EXTRACTED RECORDS:
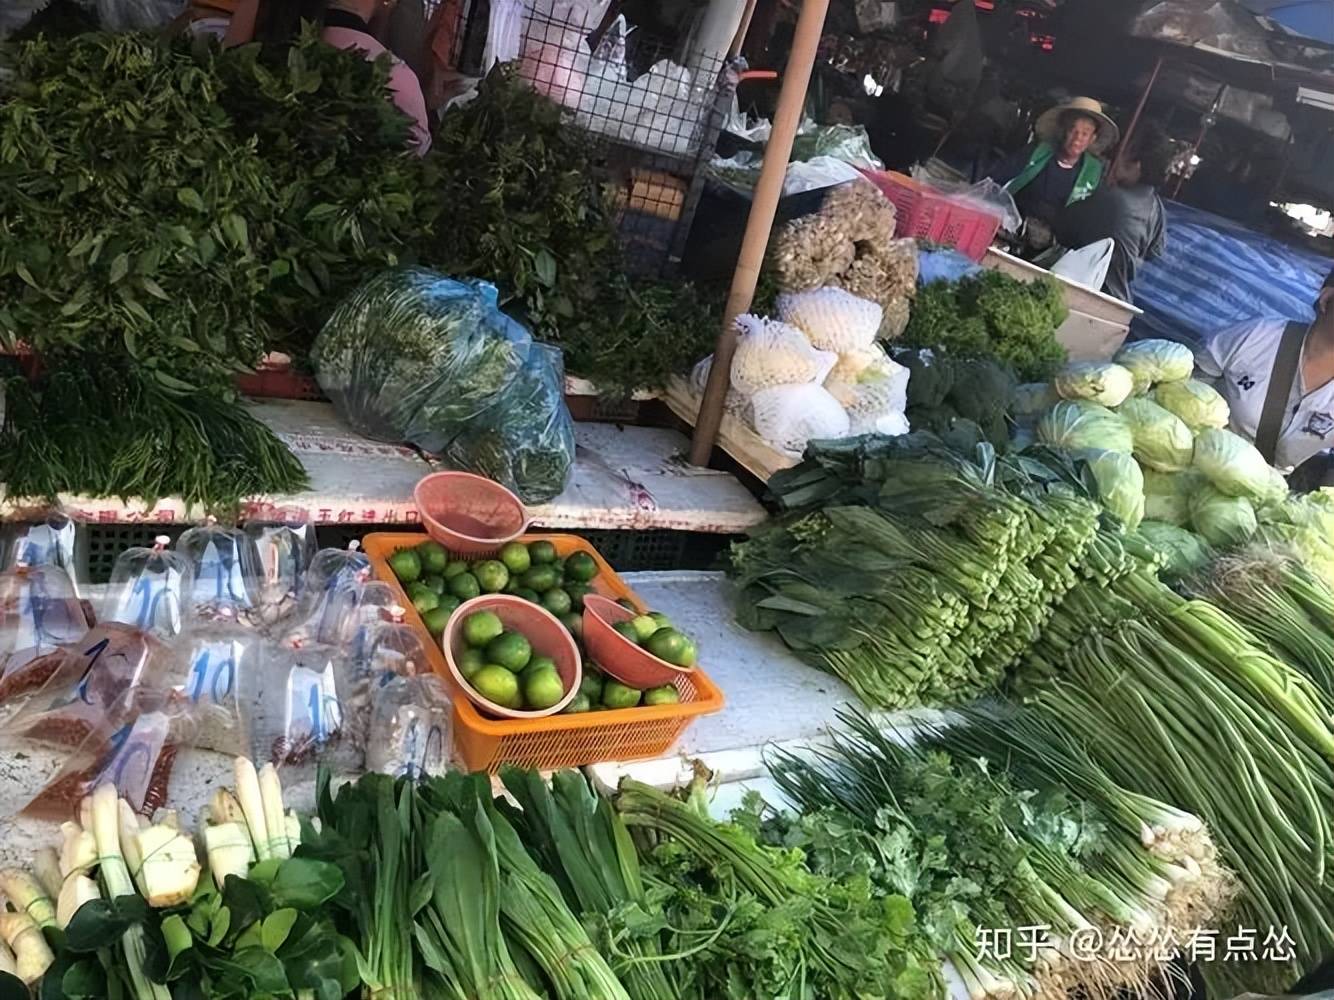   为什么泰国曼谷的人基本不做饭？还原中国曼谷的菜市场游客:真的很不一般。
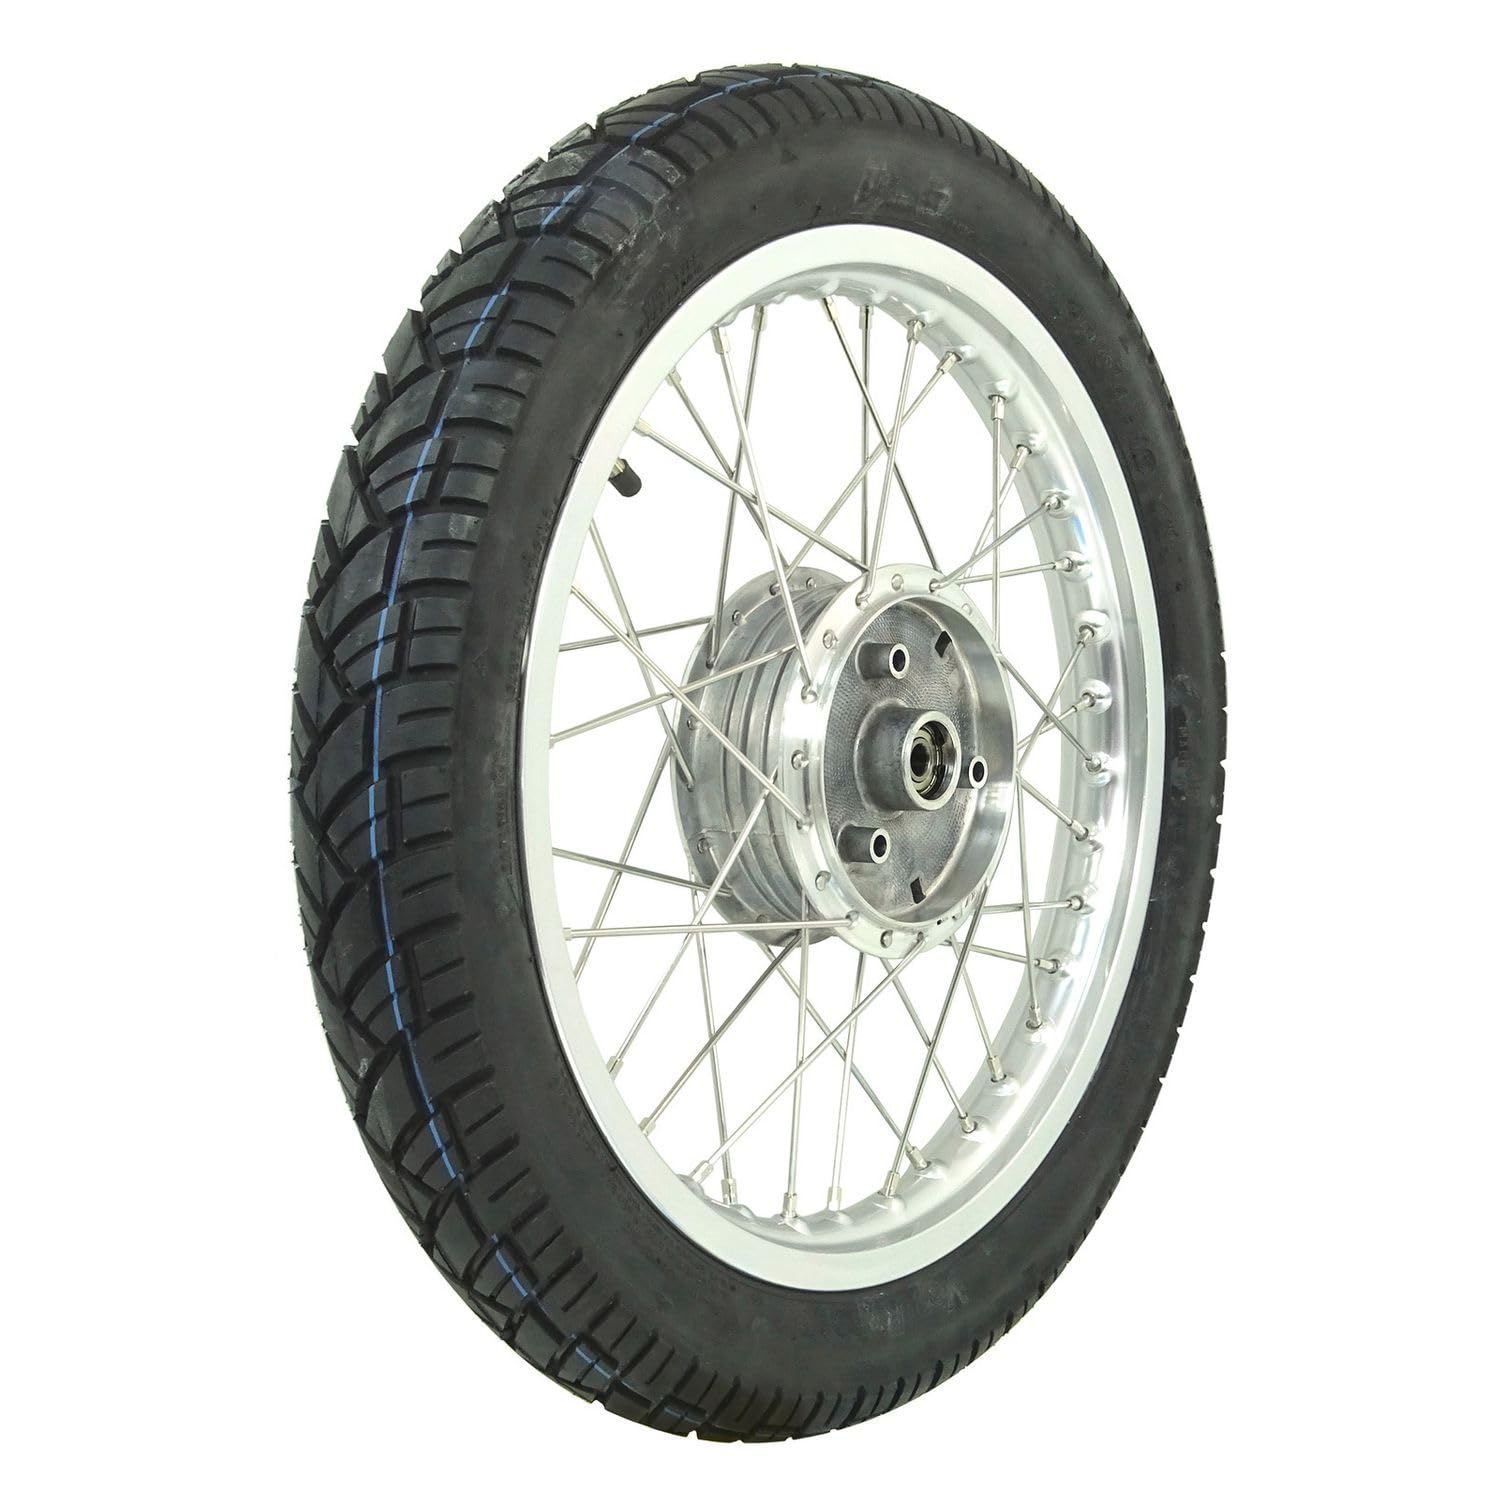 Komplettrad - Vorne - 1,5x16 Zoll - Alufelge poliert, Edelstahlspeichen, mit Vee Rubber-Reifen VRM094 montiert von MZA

...

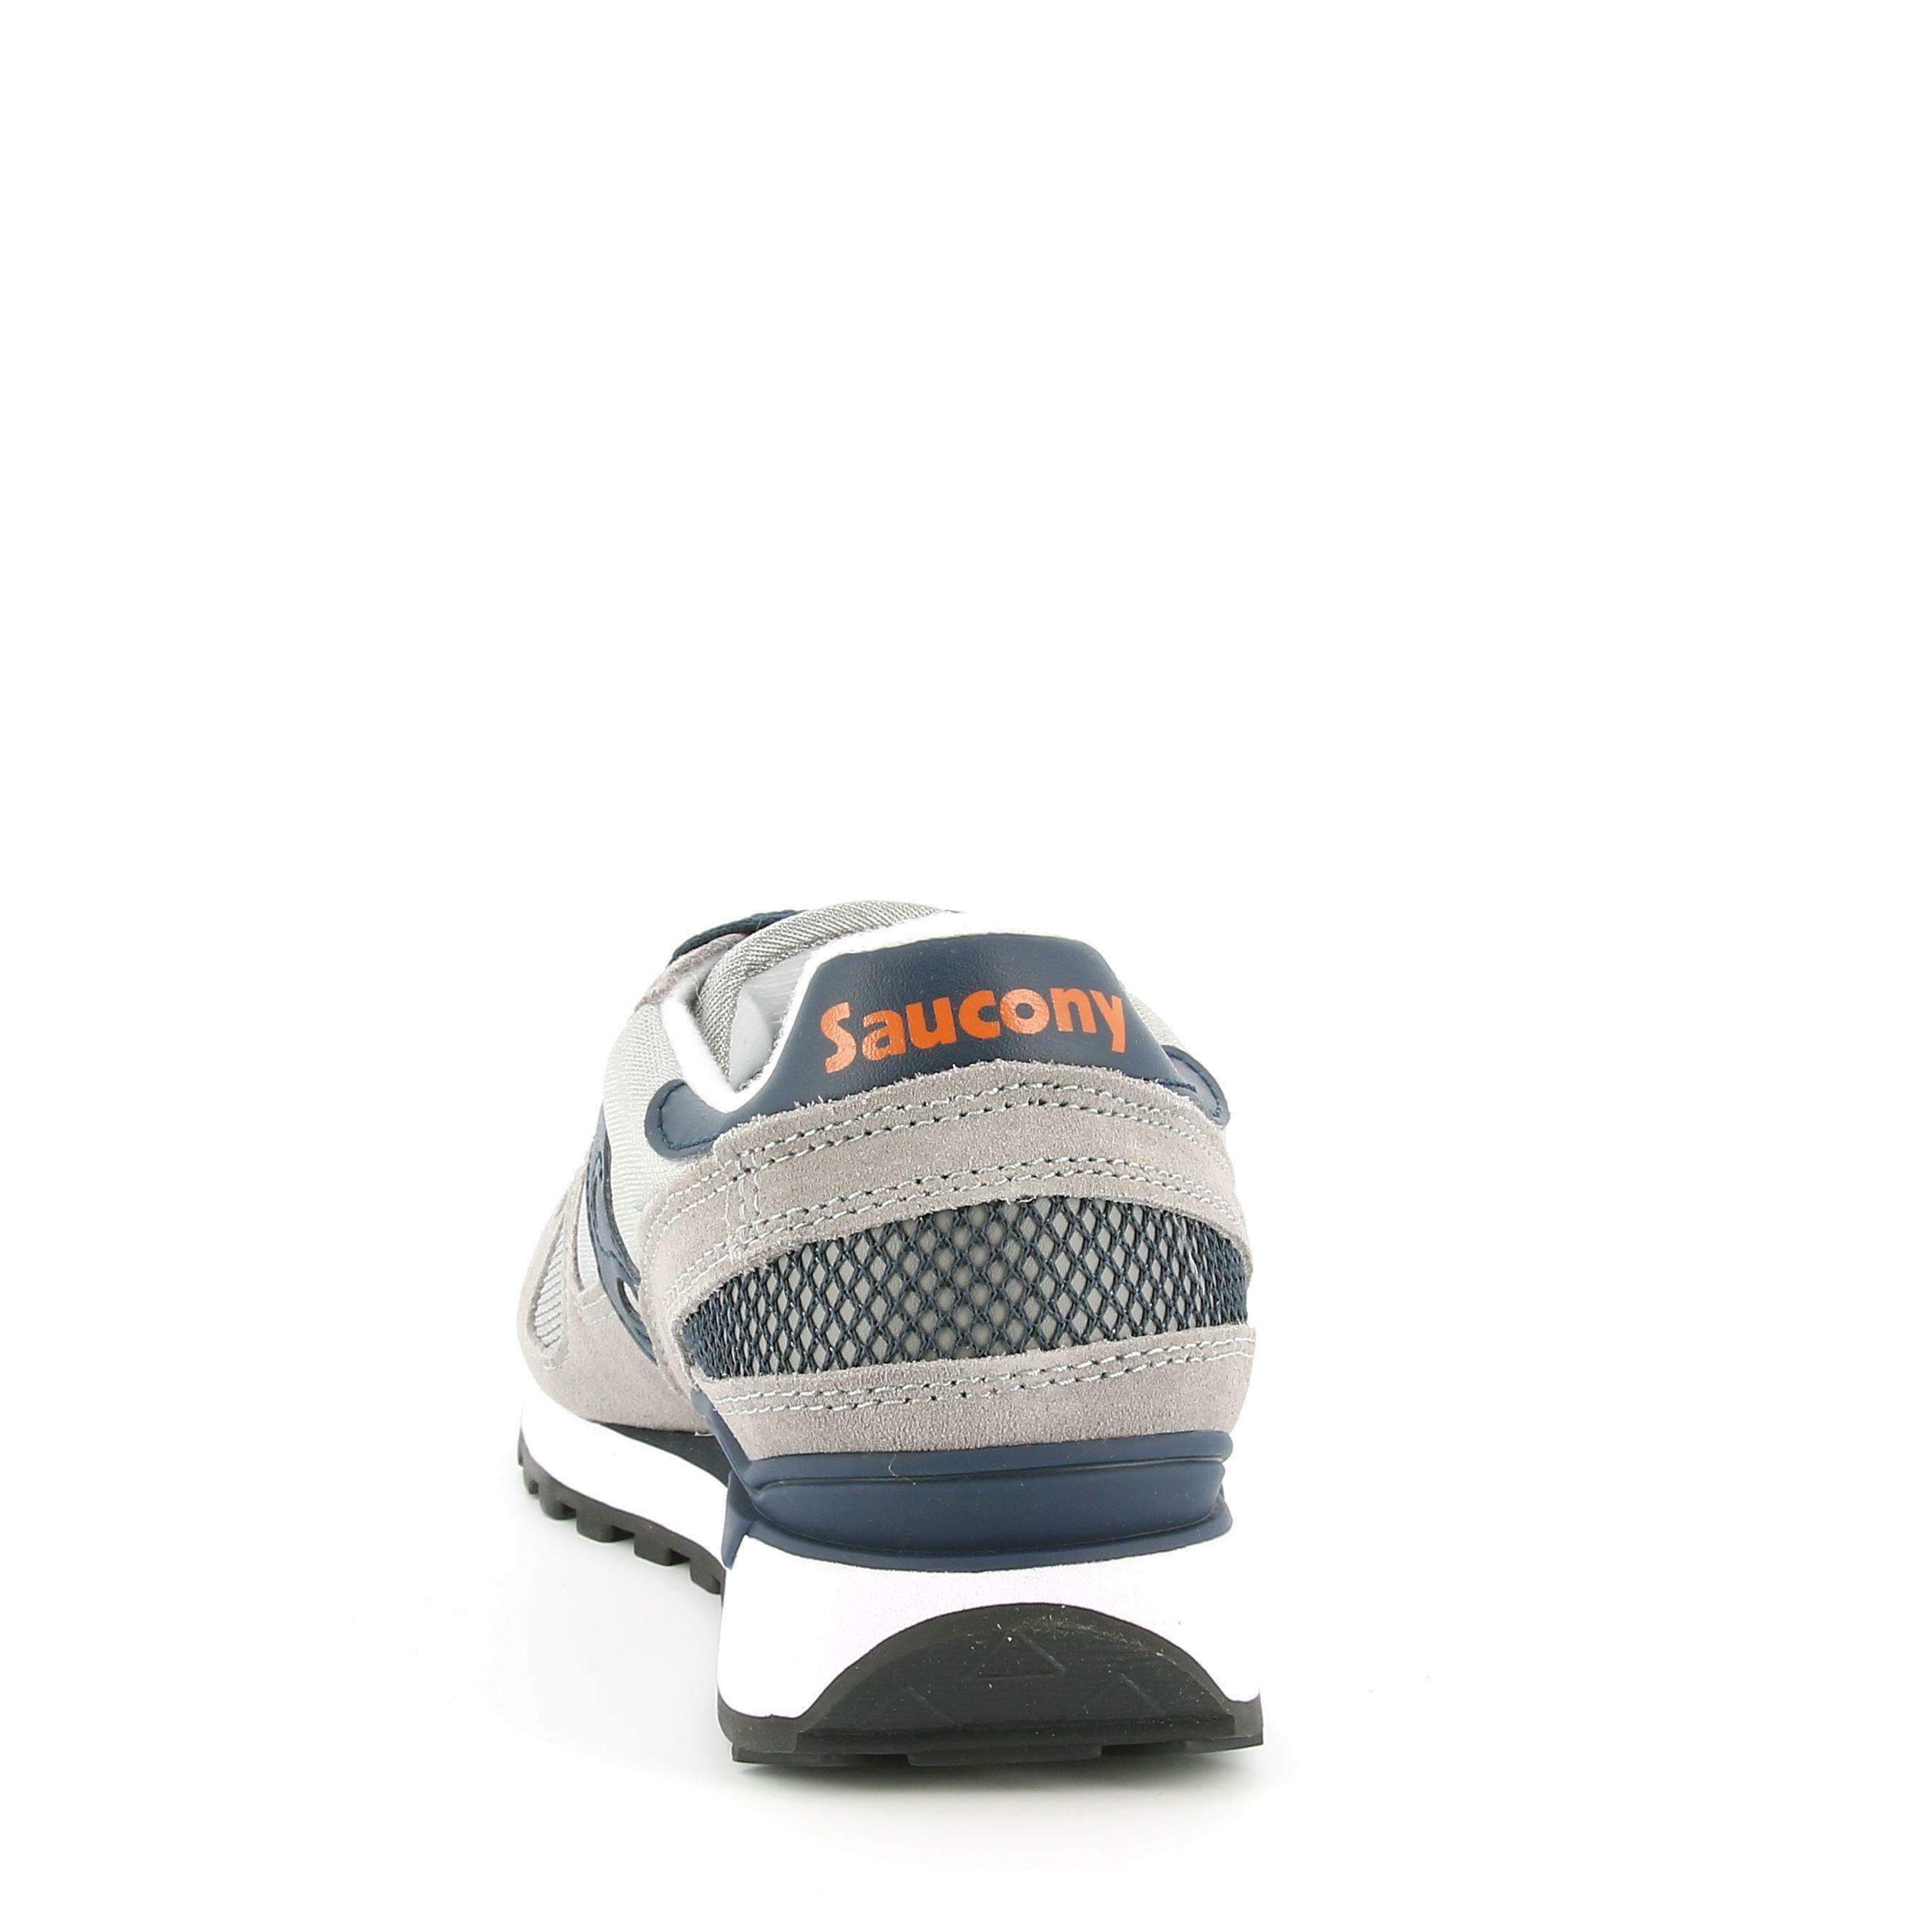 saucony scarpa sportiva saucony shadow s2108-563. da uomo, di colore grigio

---

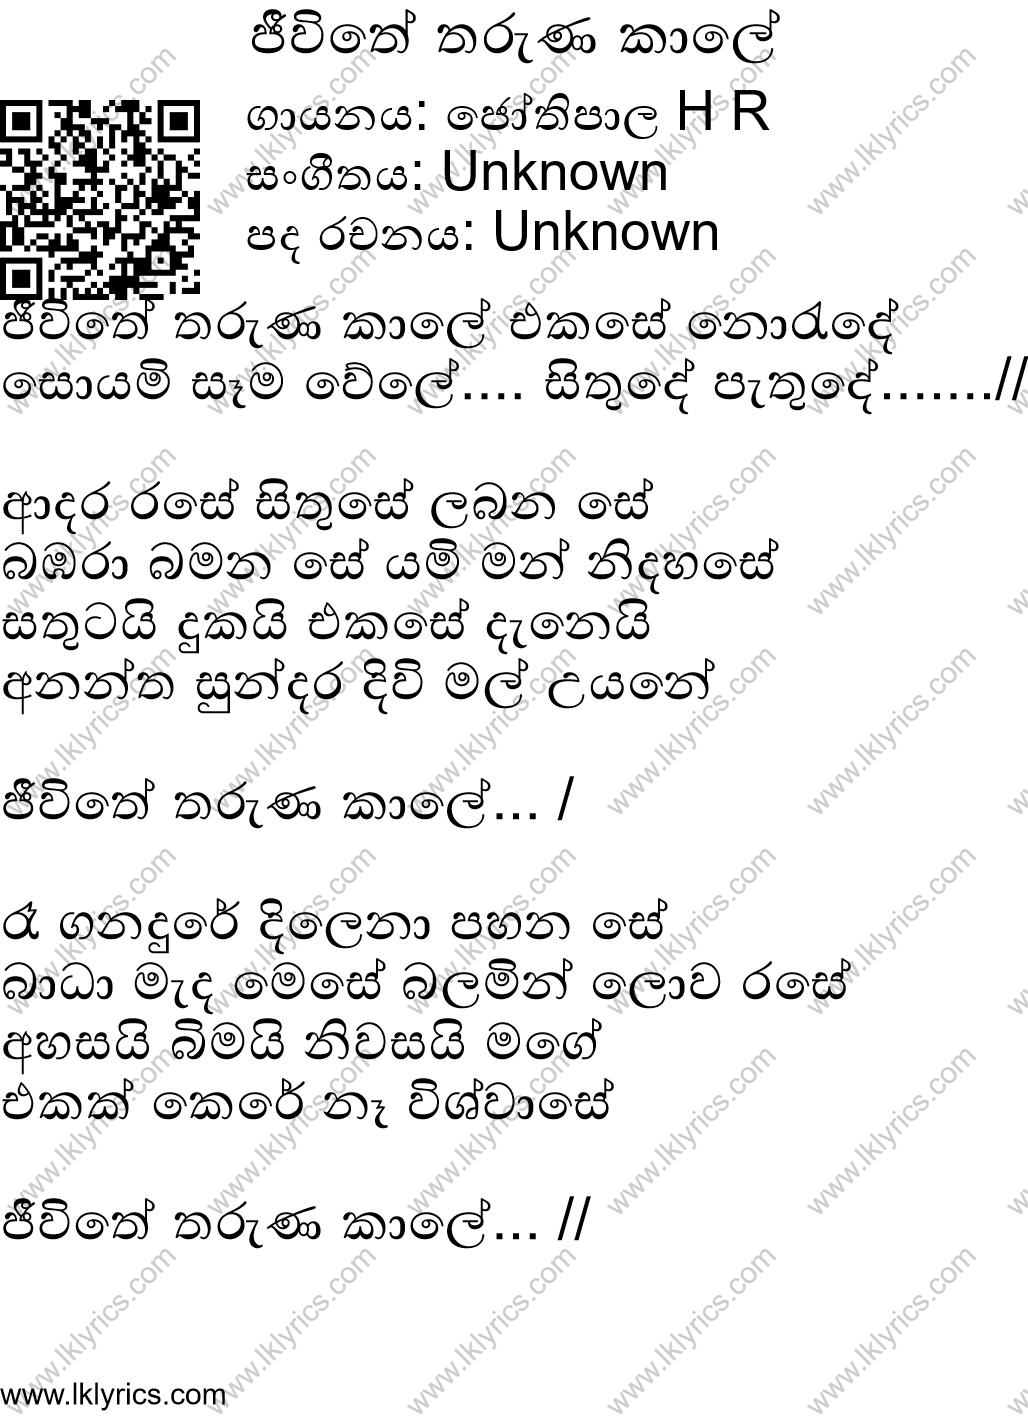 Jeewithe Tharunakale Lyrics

PROBLEM DETAILS:
What should come back is an exact copy of the lines above from the line with "为什么泰国曼谷的人基本不做饭？还原中国曼谷的菜市场游客:真的很不一般。" to the line with "Komplettrad - Vorne", both included, minus the pictures.

RESPONSE:
   为什么泰国曼谷的人基本不做饭？还原中国曼谷的菜市场游客:真的很不一般。
 Komplettrad - Vorne - 1,5x16 Zoll - Alufelge poliert, Edelstahlspeichen, mit Vee Rubber-Reifen VRM094 montiert von MZA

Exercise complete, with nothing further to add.